La arquitectura de la red vuelve muy difícil y costoso, que los intermediarios puedan ejercer un control de los contenidos que se producen en Internet, y por ende, se vuelve muy difícil controlar los factores de riesgo que se requieren para este tipo de filtrados. De esta manera, la CIDH también afirmó que los intermediarios “no deben estar sujetos a obligaciones de supervisión de los contenidos generados por los usuarios con el fin de detener y filtrar expresiones ilícitas”.

Los llamados intermediarios de Internet son el nexo entre la persona que produce la información y la persona que la recibe. El artículo 2 “Ámbito de aplicación” del proyecto de ley, expresa lo siguiente: “Las disposiciones contenidas en la presente Ley serán aplicables a los locales con acceso al público, destinados al uso de computadoras conectadas a Internet u otras modalidades de comunicación en red, sea por medio de ordenadores y de cualquier otro medio electrónico, que sean utilizados por personas menores de edad”. No hace una descripción exhaustiva sobre cuáles serán esos intermediarios: no queda claro si solo afecta a los cybers y escuelas, colegios o a todos los locales que facilitan “servicios de comunicación en red” (WIFI) a través de sus “locales con acceso al público” (cafeterías, tiendas de ropa, shopping etc) que estarán obligados a filtrar e instalar programas para evitar al acceso a contenidos nocivos para niños, niñas y adolescentes.

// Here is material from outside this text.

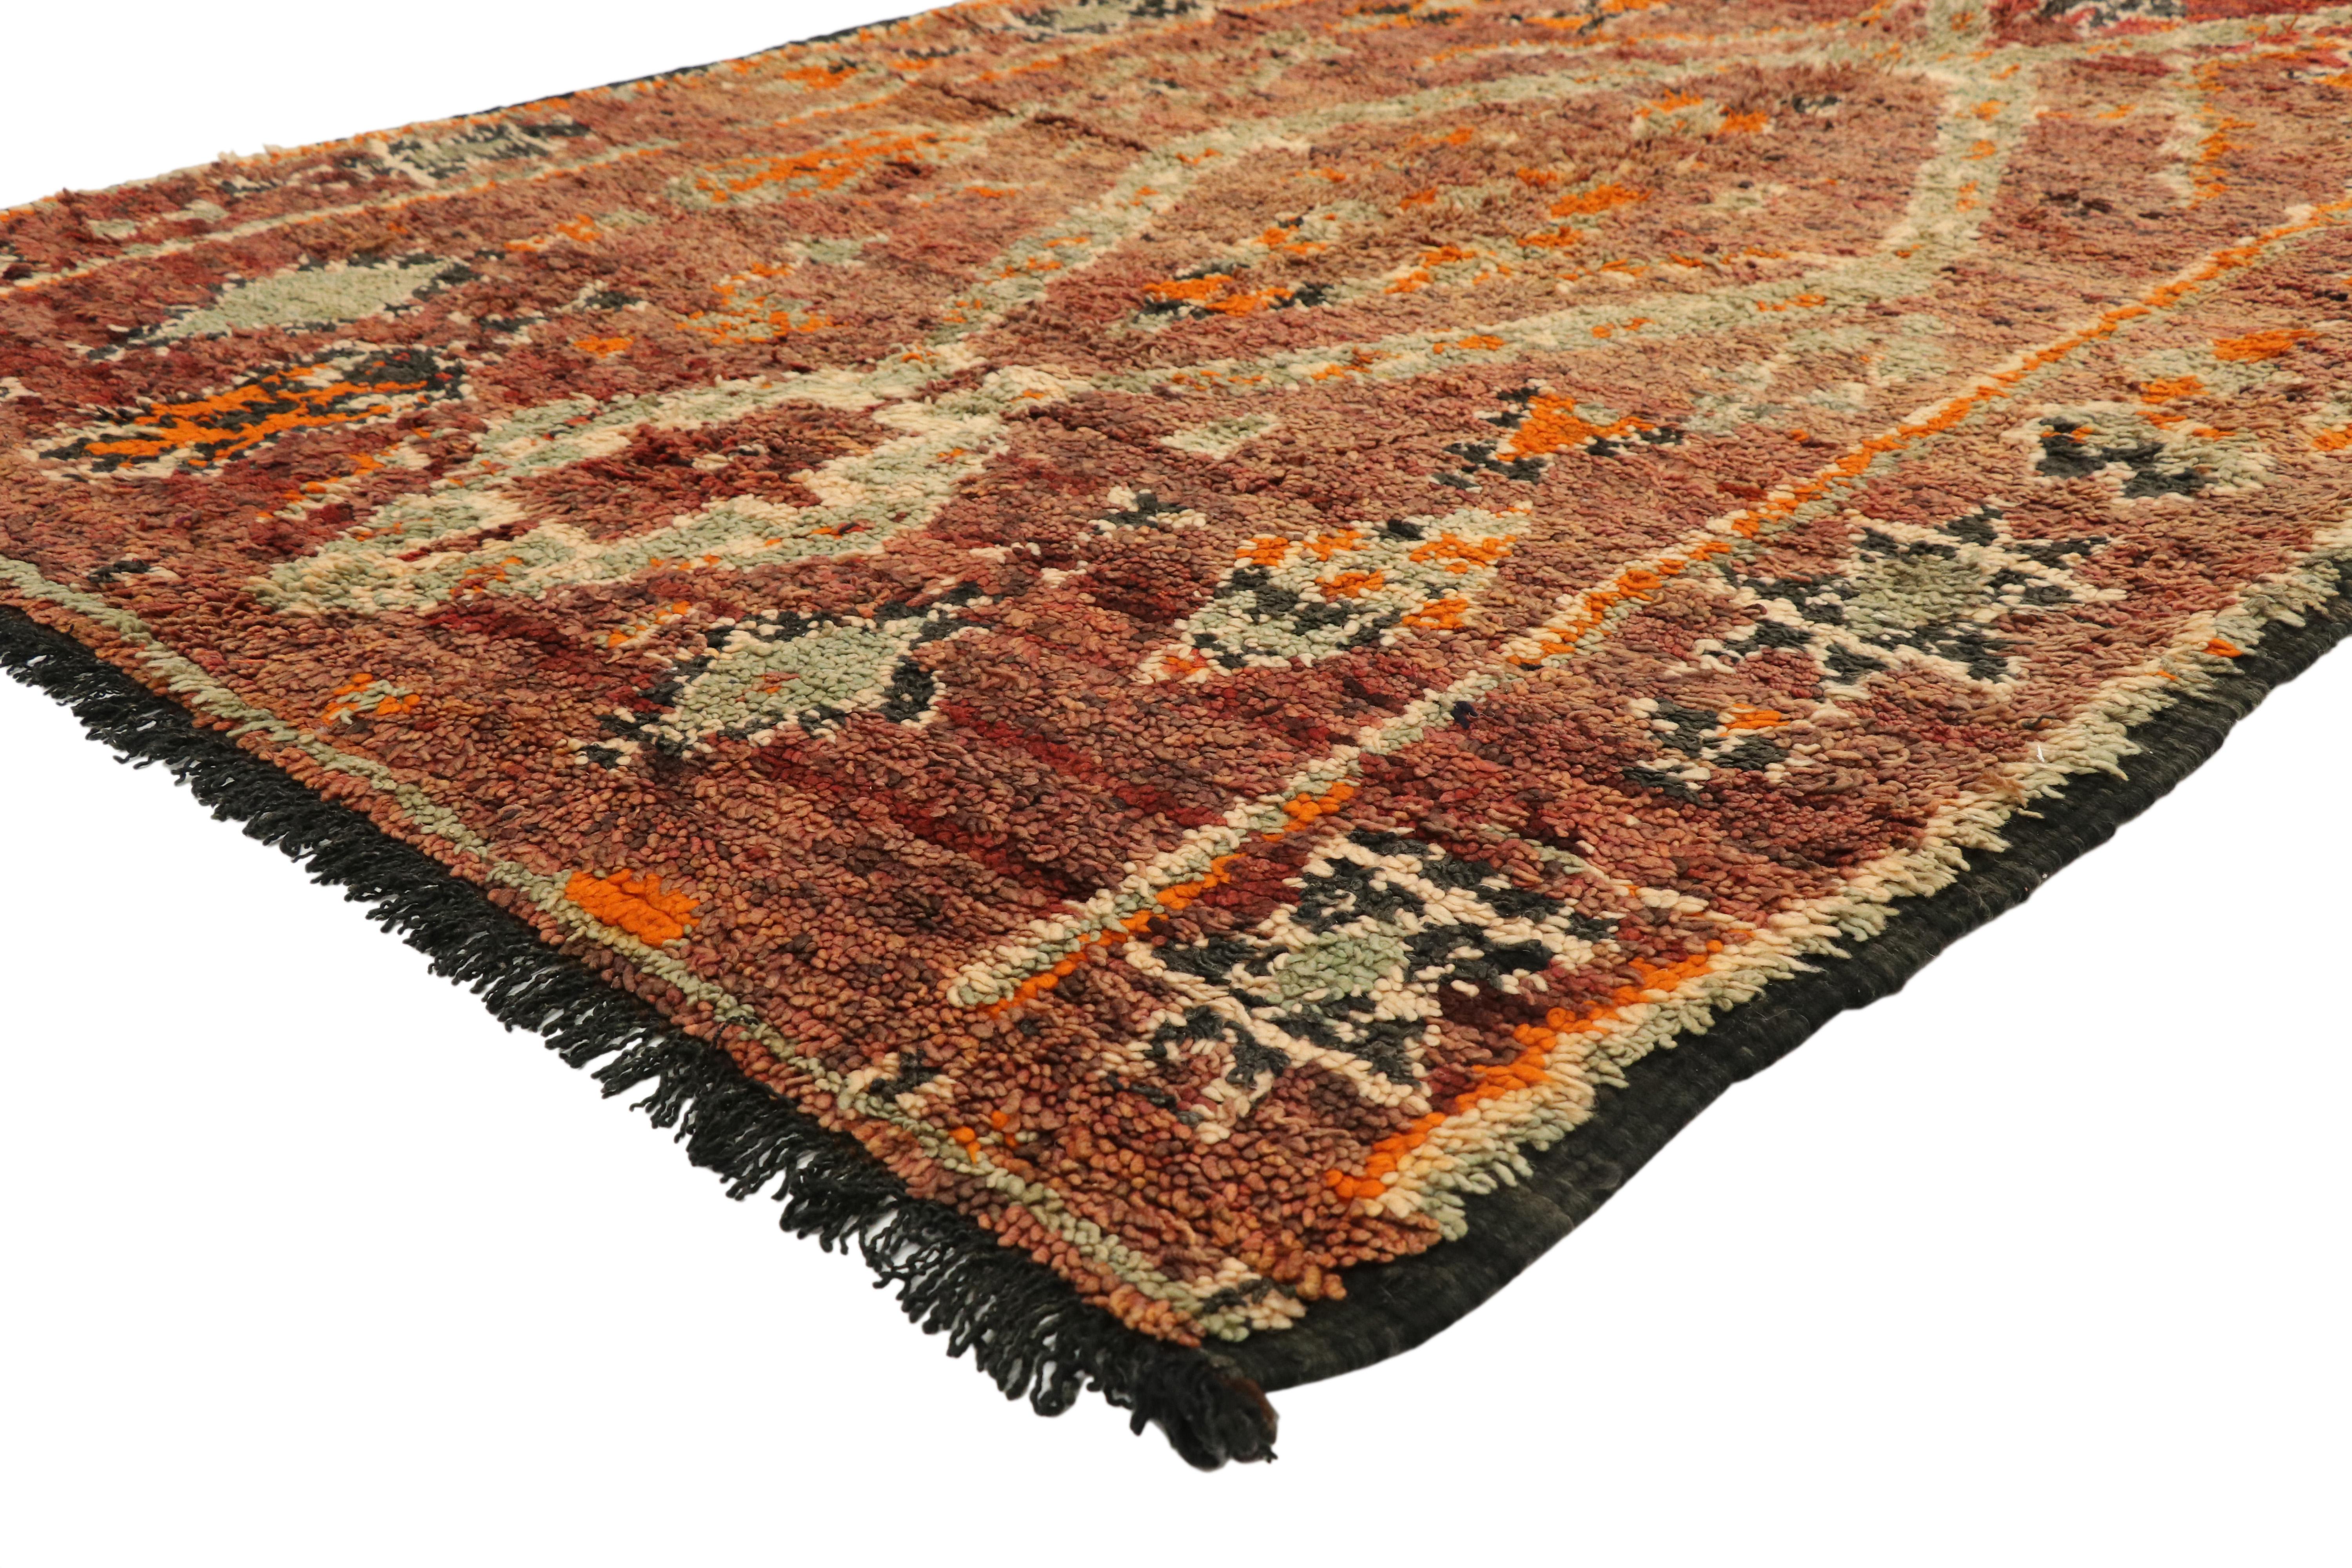 20316 Vintage Beni MGuild Moroccan Rug, 05'04 x 08'00. Beni M'Guild rugs, originating from the Beni M'Guild tribe nestled in the Middle Atlas Mountains of Morocco, embody a cherished tradition deeply woven into Berber culture. Handcrafted by skilled

Por otro lado, en el Artículo 3 del proyecto de ley, apartado “e”, obliga a los intermedios a filtrar contenidos que promocionen “…racismo, la xenofobia o cualquier otra forma de discriminación contraria a la dignidad humana”. Por ejemplo, un medio de comunicación local o internacional puede estar afectado por este artículo por el campo de comentarios donde se generan este tipo de violencia. Esta medida pone el riesgo el derecho a la libertad de expresión ya que la misma es desproporcionada.

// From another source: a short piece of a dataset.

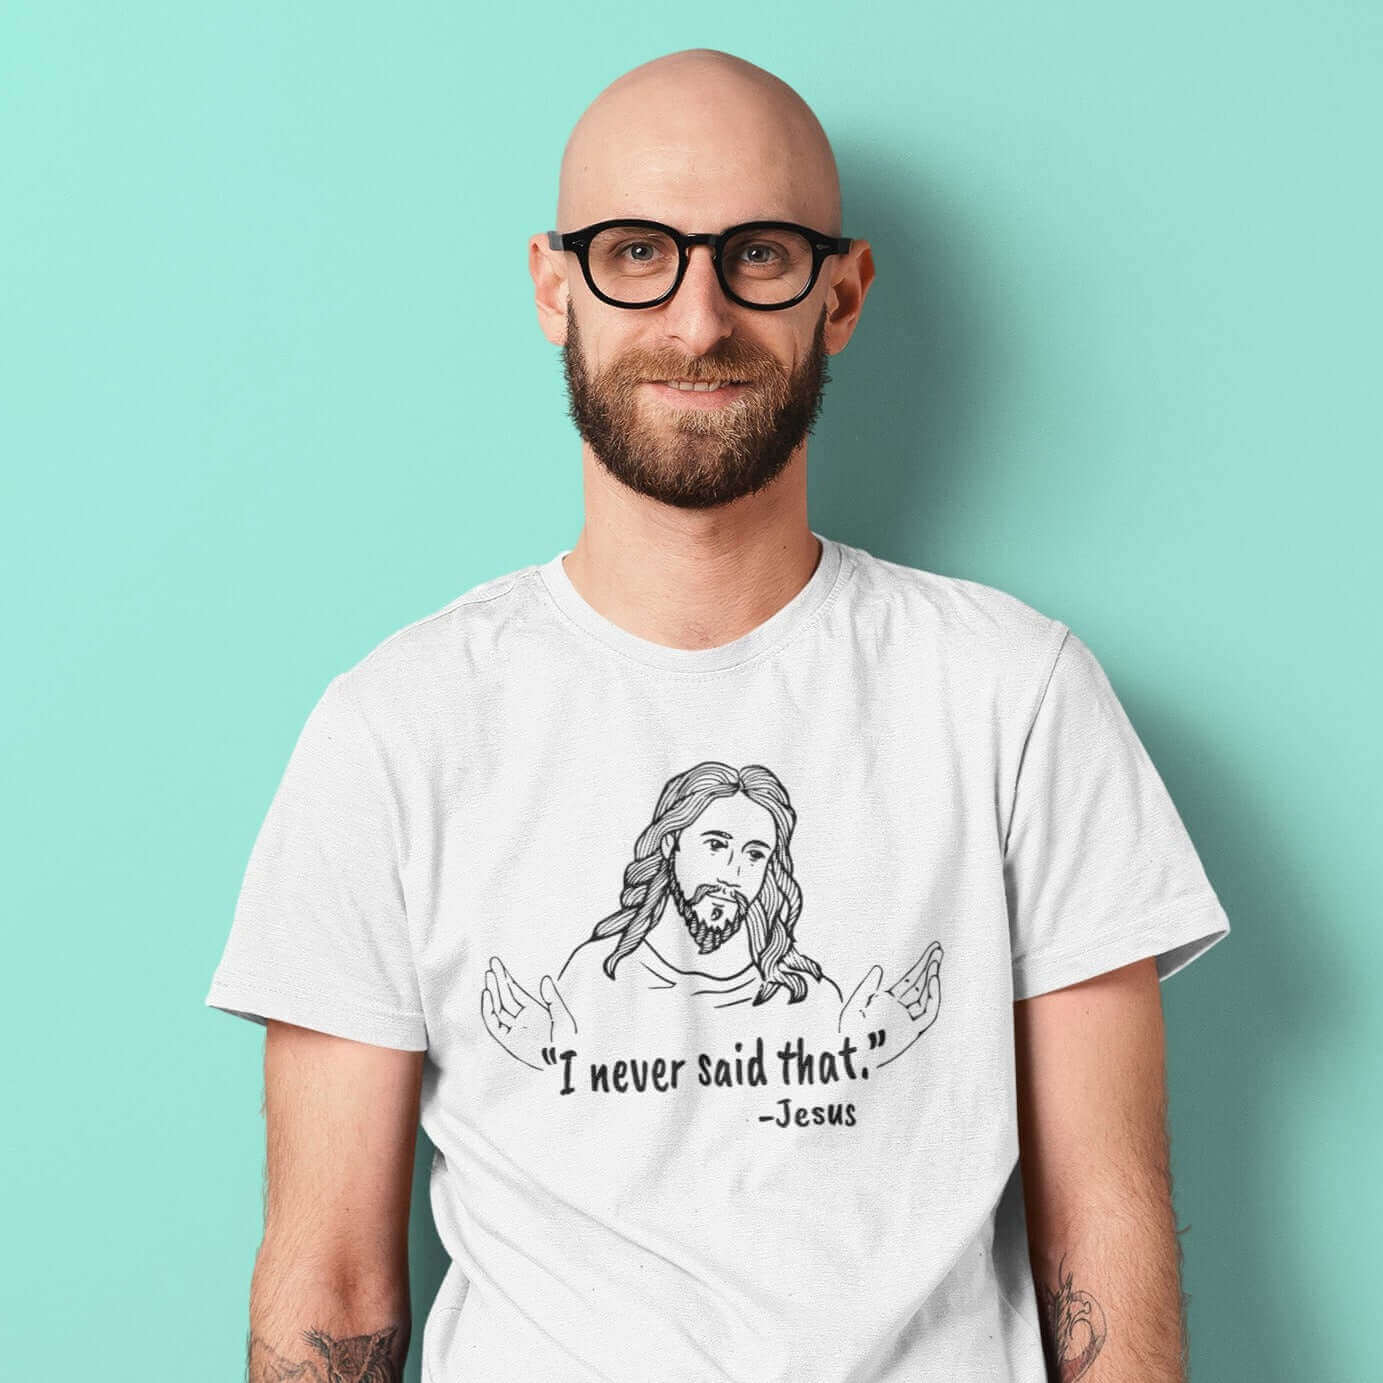 Bald man wearing a white t-shirt with a line drawing of Jesus with his hands outstretched and the quote I never said that printed on the front.

No se debe perder de vista el hecho del carácter administrativo del órgano regulador –CONATEL-y el órganos fiscalizador -CODENI- dispuestos en los artículos 5 y 6. En ese sentido, podría existir el riesgo de que bajo la apariencia de un reclamo administrativo, se intente restringir contenido que termine afectando a la libertad de expresión. Y todo esto sin la intervención de un órgano judicial independiente. Nos preguntamos, las decisiones de bloqueo de las páginas lo va a determinar una institución administrativa y no judicial?.

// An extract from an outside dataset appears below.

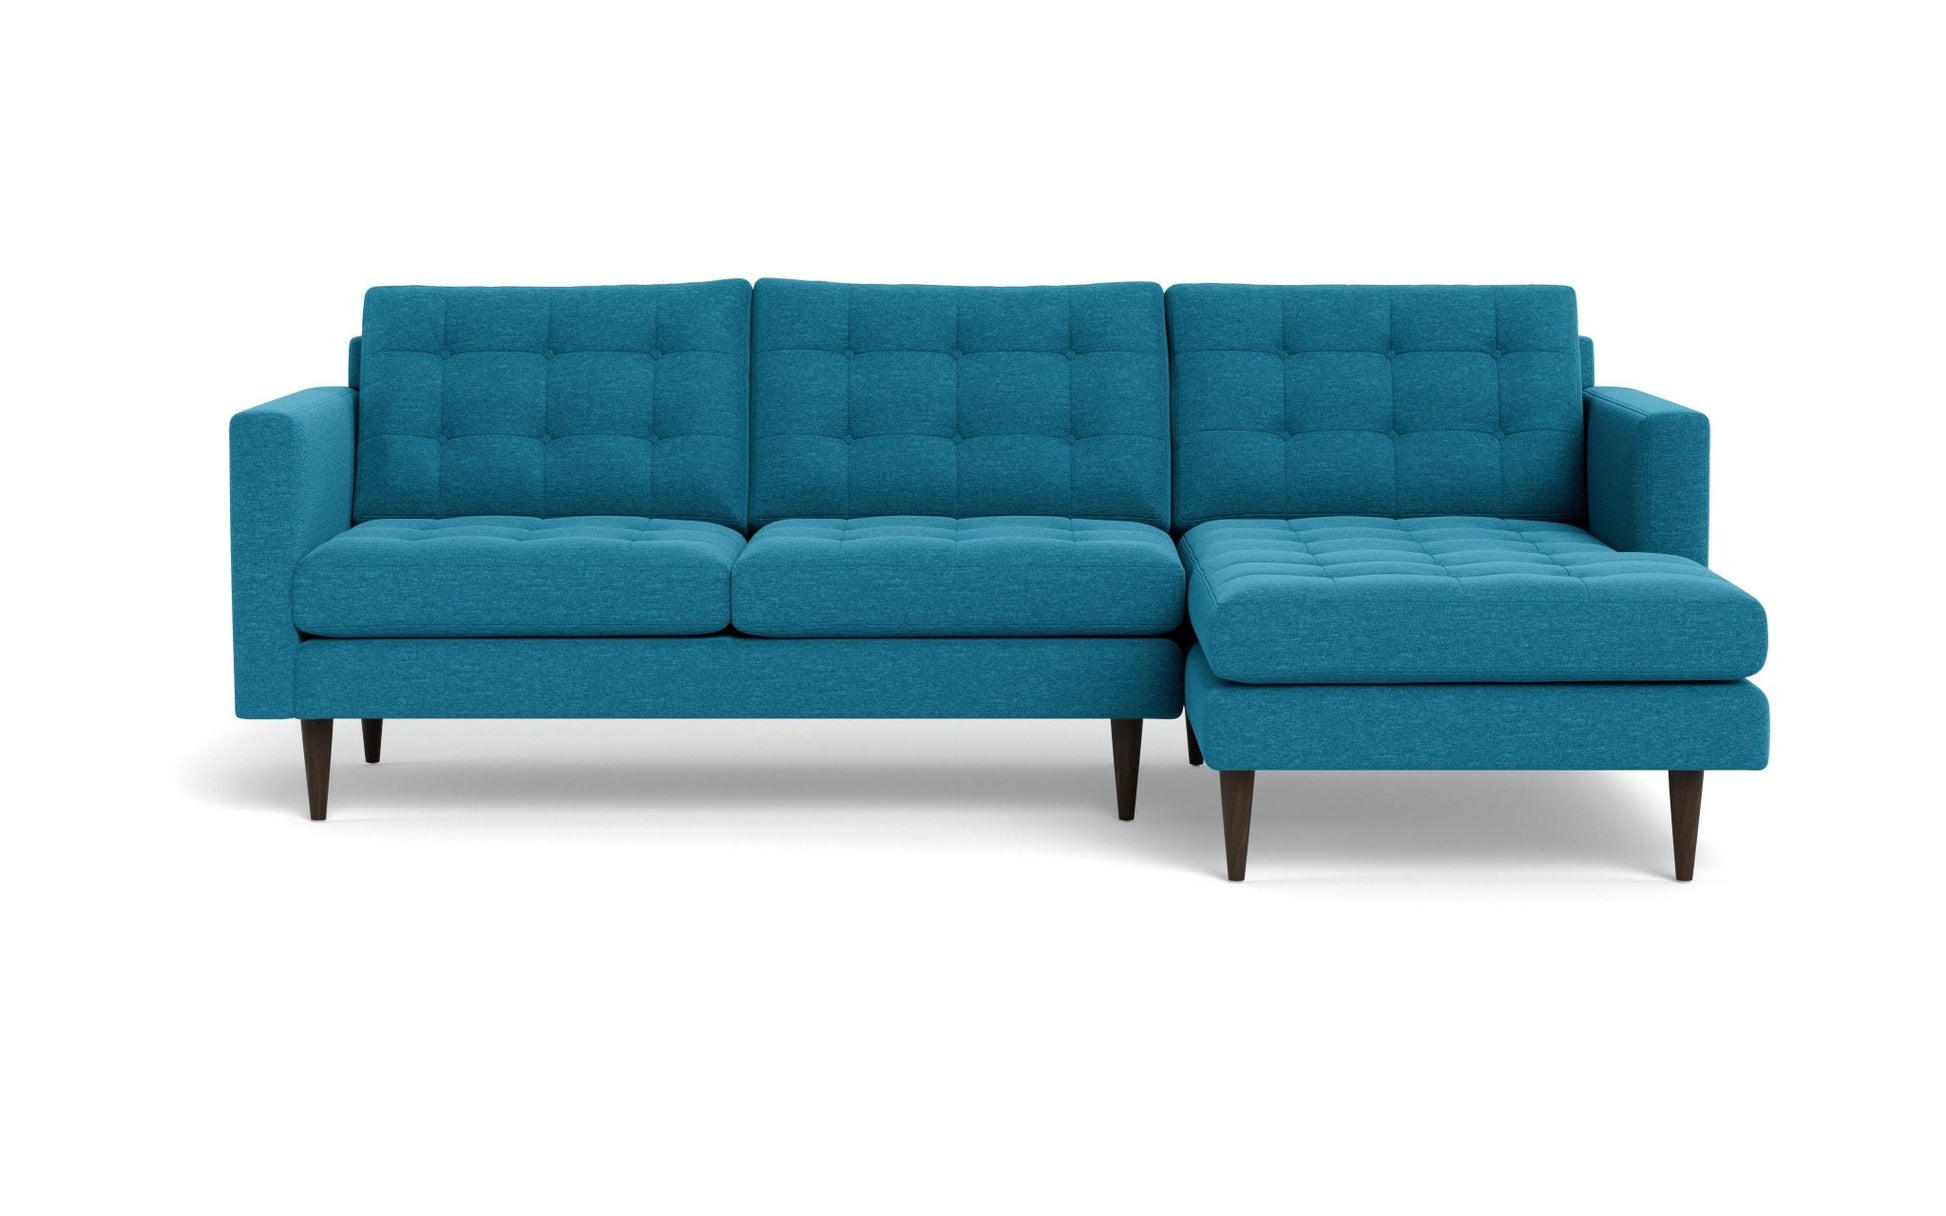 Wallace Right Chaise Sectional - Bennett Peacock

Este proyecto de ley no establece suficientes garantías para la protección de la libertad de expresión, ni el debido proceso de los usuarios y además impone obligaciones difusas o desproporcionadas a los intermediarios que no deberían ser responsabilizados civilmente por daños surgidos por contenidos generados por terceros.

Las leyes, órdenes y prácticas de restricción de contenidos deben cumplir con las pruebas de necesidad y proporcionalidad, también los principios de transparencia y rendición de cuentas que deberían ser incluidas dentro de dichas normativas.